A park ranger examines a male Javan rhino found dead on April 23, 2018. Park officials have occasionally publicized the deaths of rhinos, but noted that these animals were found with horns intact. Image courtesy of the Ujung Kulon National Park Agency

We have also closed the route to the entire peninsula, including for tourism, we have also dismantled the huts in Sangiang Sirah which were apparently used by hunters,” Andono told local media. “Apart from that, we also implement a full protection system on the peninsula, the area is guarded 24 hours a day.”

For decades, conservationists have been calling on the Indonesia government to establish a second site where some of the Javan rhinos could be relocated, in an effort to boost the species’ prospects of survival. Their current home, Ujung Kulon, is vulnerable to disasters such as tsunamis and earthquakes, as well as to poachers and the incursion of domestic livestock that could potentially expose the rhinos to disease. But plans for a new site have never gone beyond discussions, despite the rhinos’ precarious position.

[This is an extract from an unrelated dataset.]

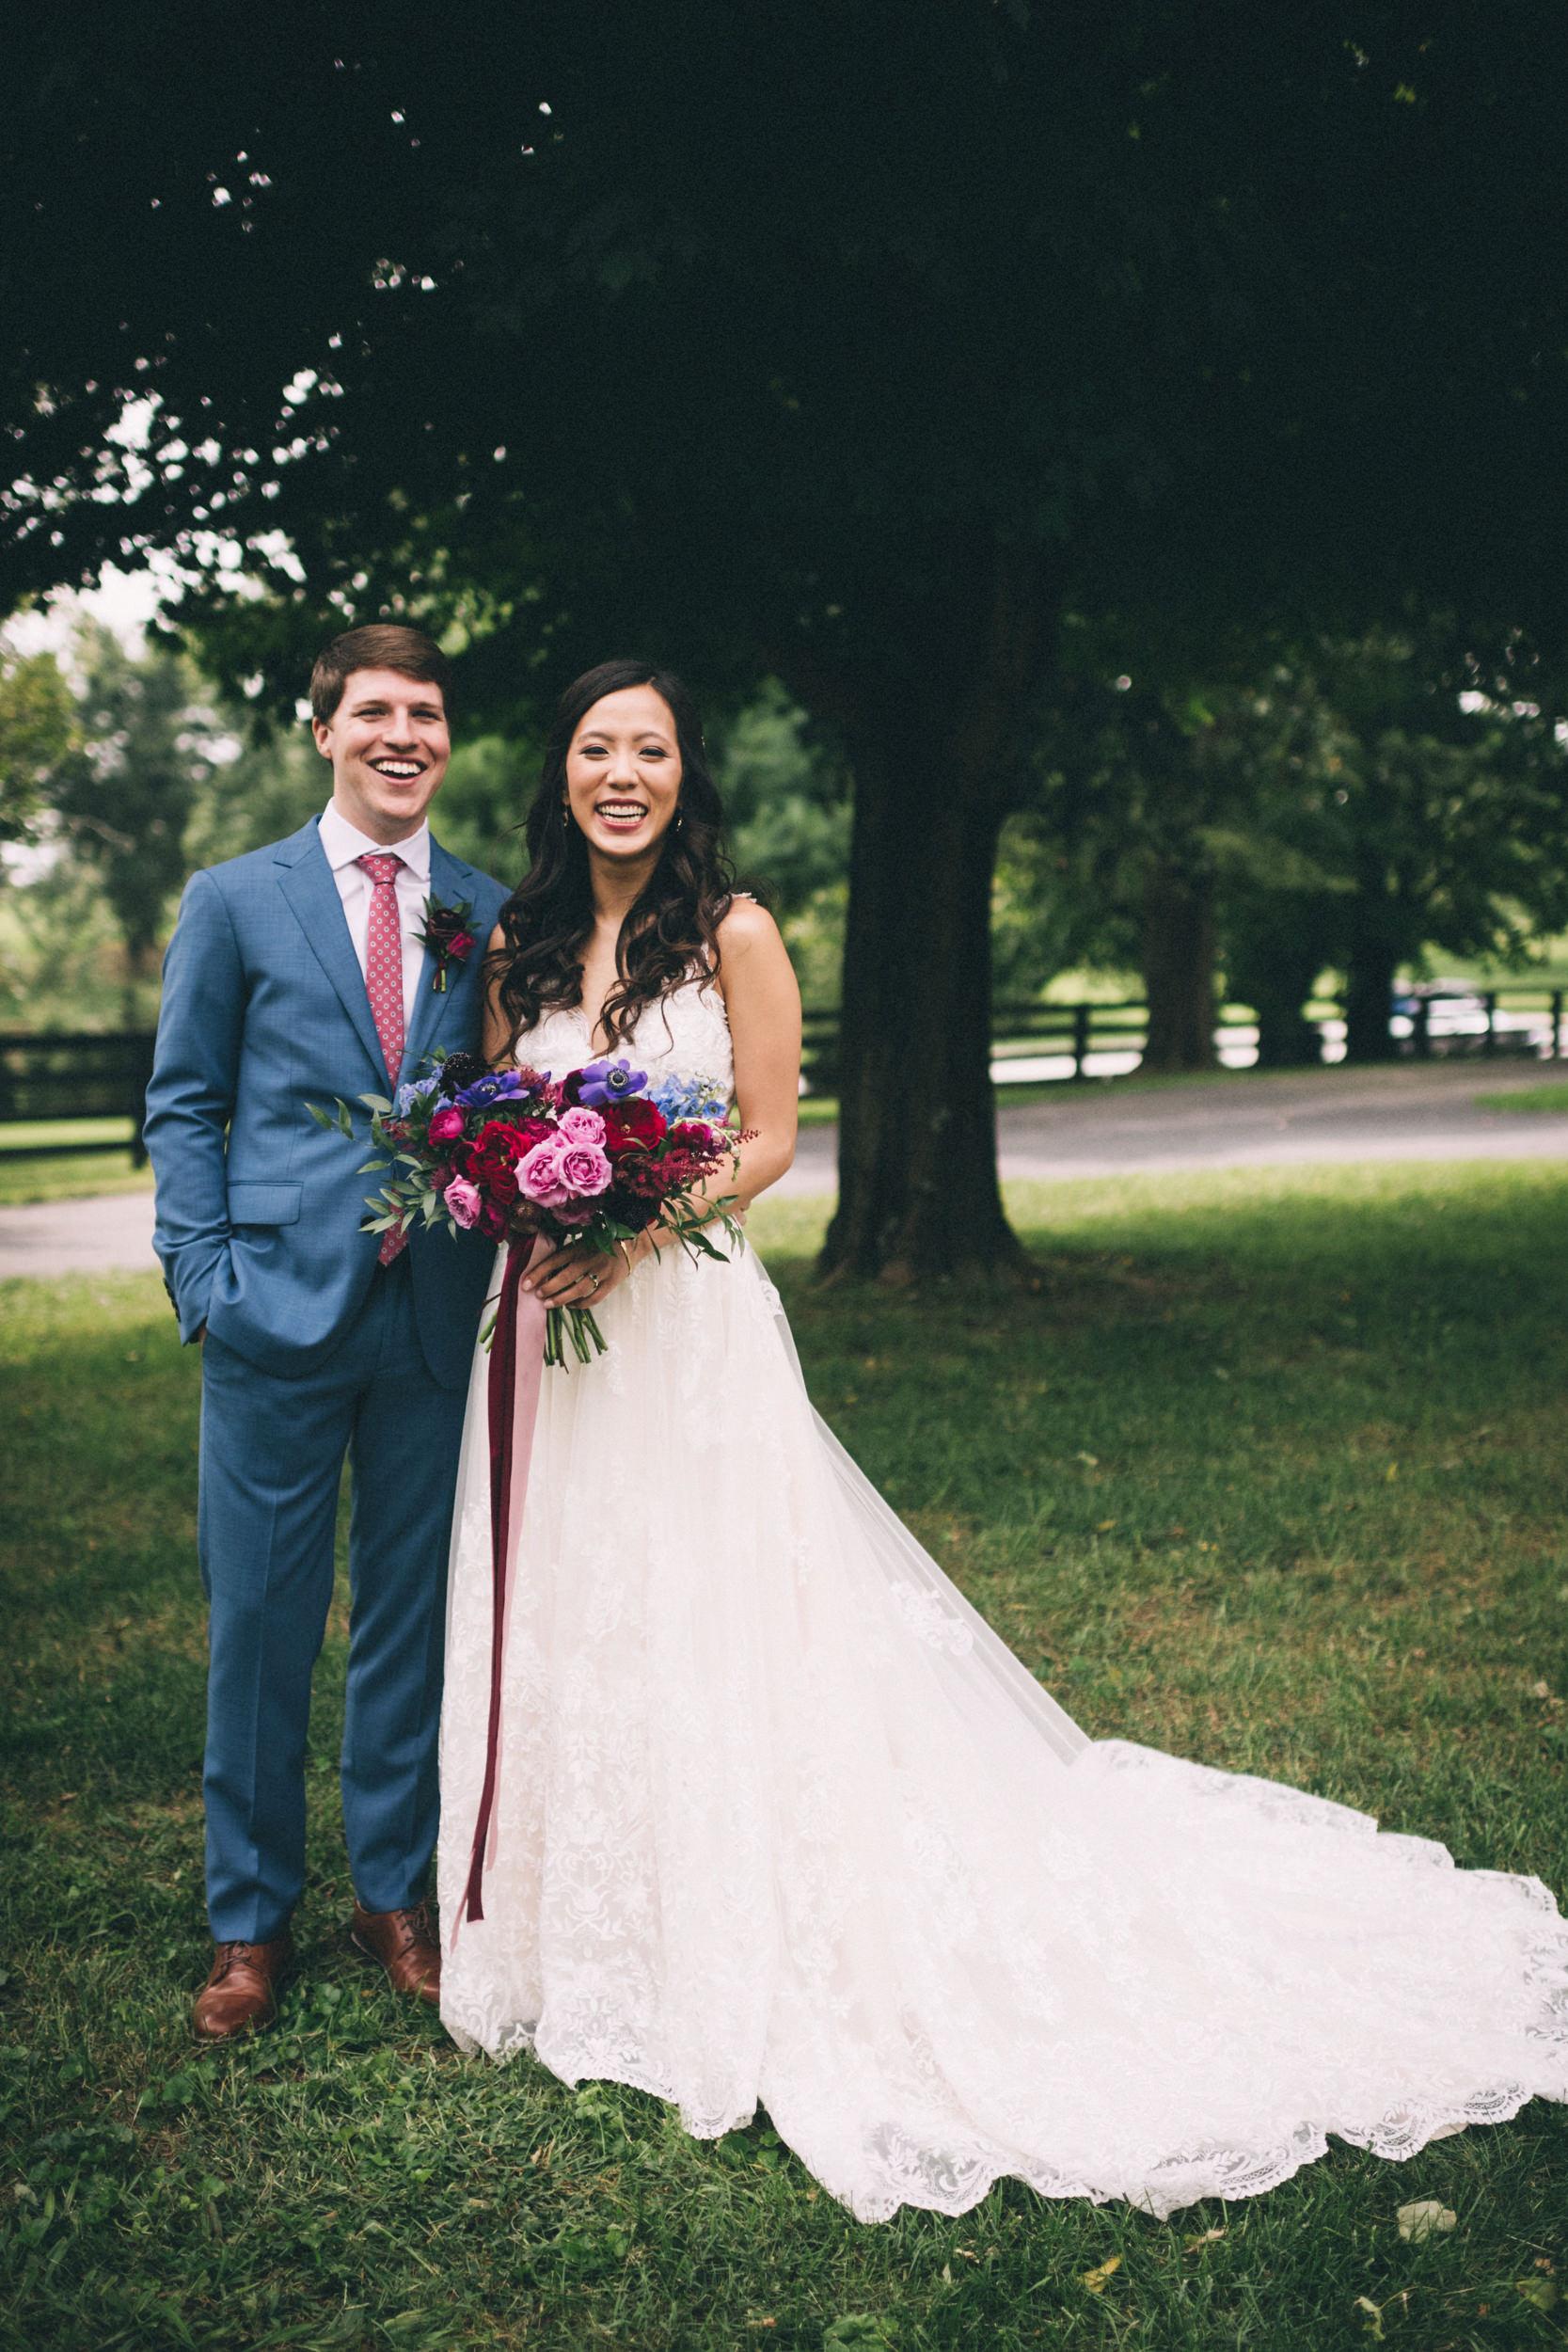 Louisville-Kentucky-Wedding-and-Elopement-Photographer-Sarah-Katherine-Davis-Photography-Summer-Jewel-Toned-Wedding-Chineese-Tea-Ceremony-Warrenwood-Manor-Danville-182.jpg
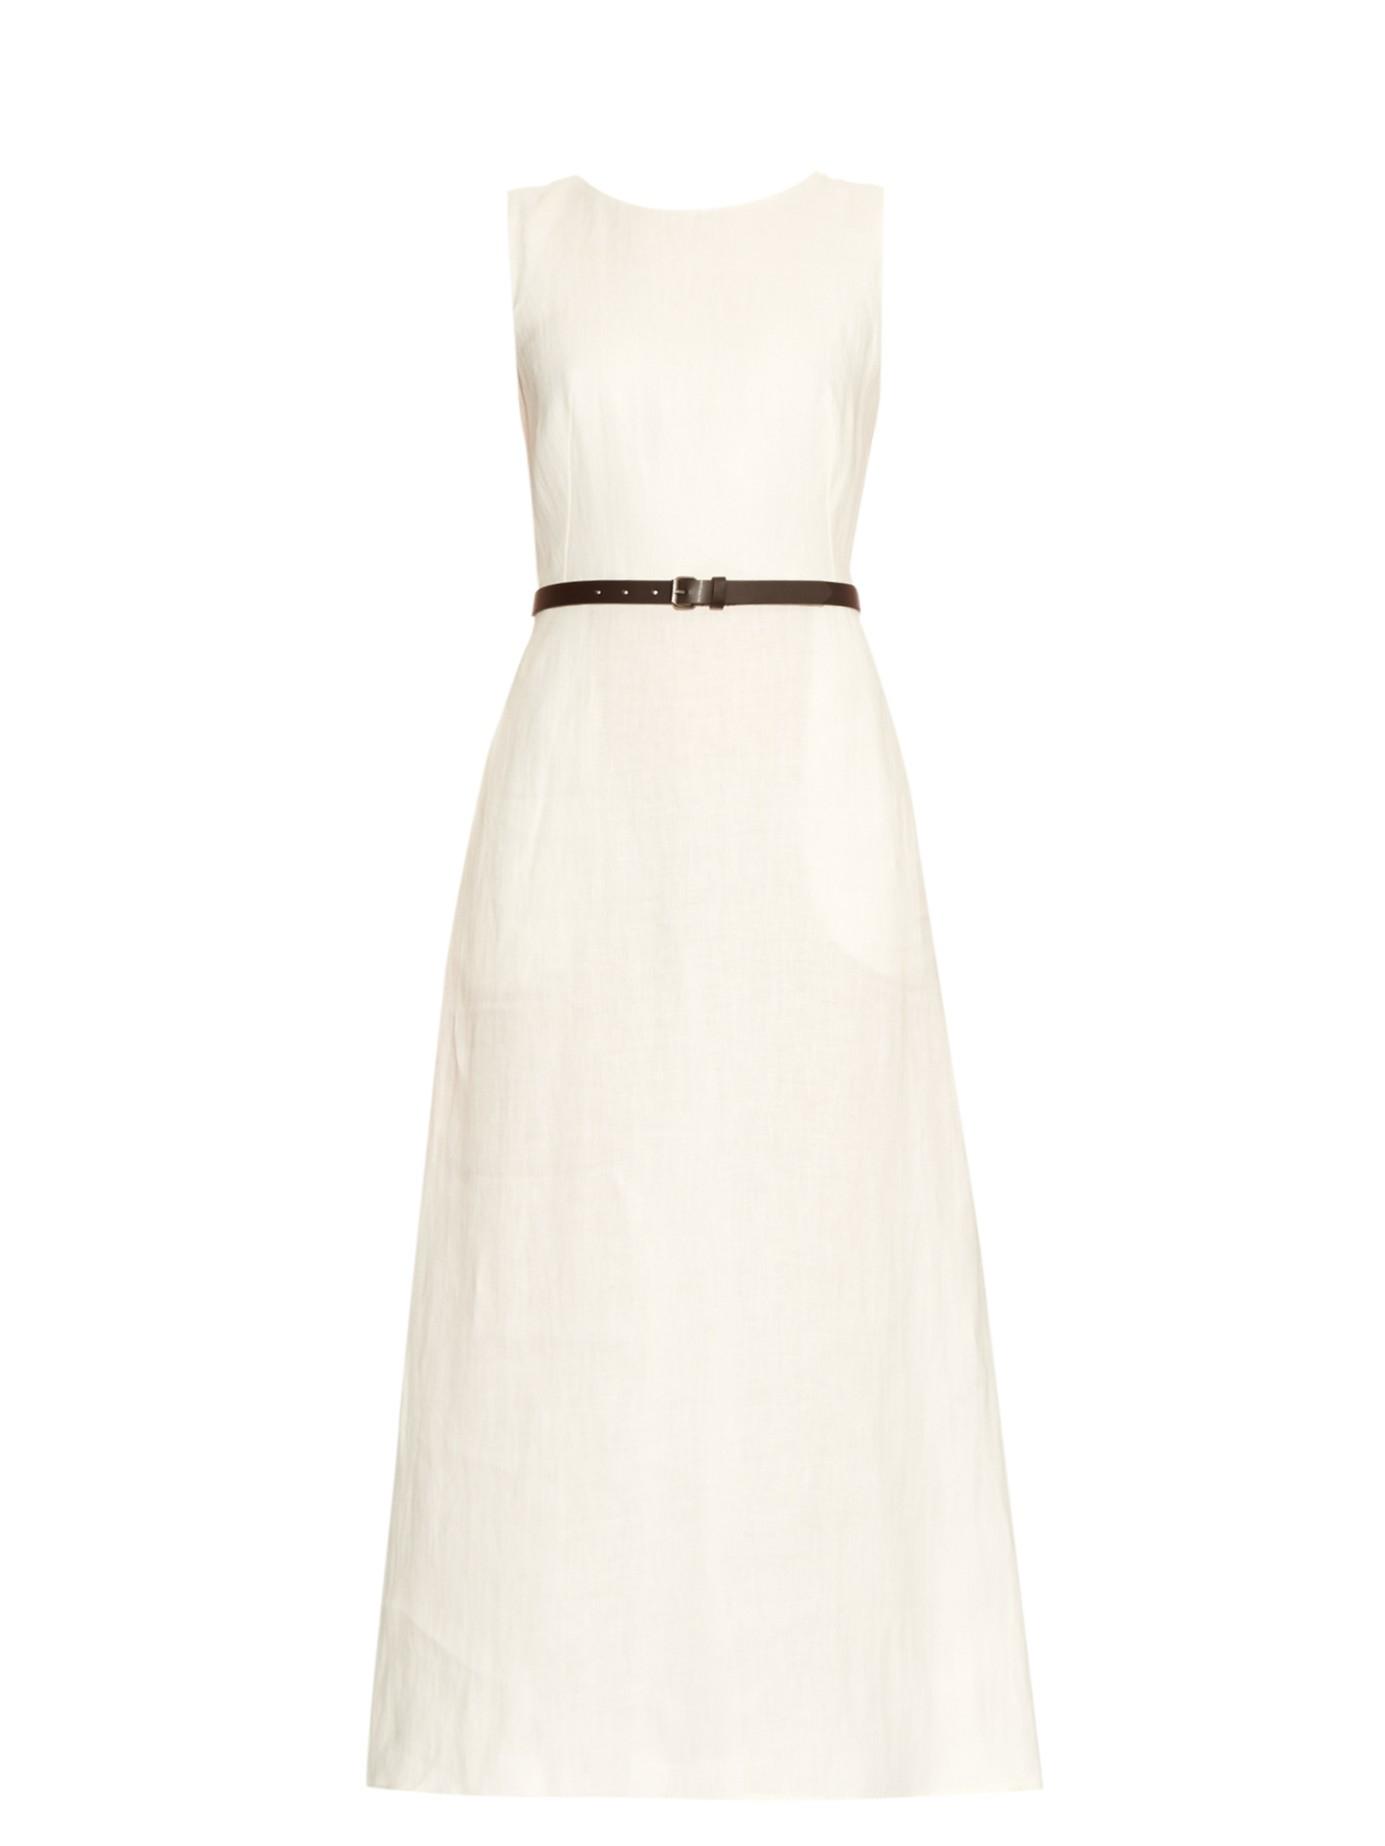 0c8844a975 Lyst - Weekend by Maxmara Amico Dress in White

paper last year argued that Indonesia should also set up a captive-breeding population of Javan rhinos, similar to what’s being done for Sumatran rhinos, to better protect them and increase the birth rate.

Despite the recently uncovered poaching allegations, the Javan rhinos are still reproducing. In March, camera traps caught an image of a mother and a calf. Since 2022, conservationists have recorded four new calves in the park.

The Javan rhino is one of the most endangered large mammals on Earth, and one of the last remaining megafauna on the island of Java. Indonesia has already lost the Javan tiger and the Bali tiger.

“This is not just a crime against Indonesia, but against the world,” Fascione said.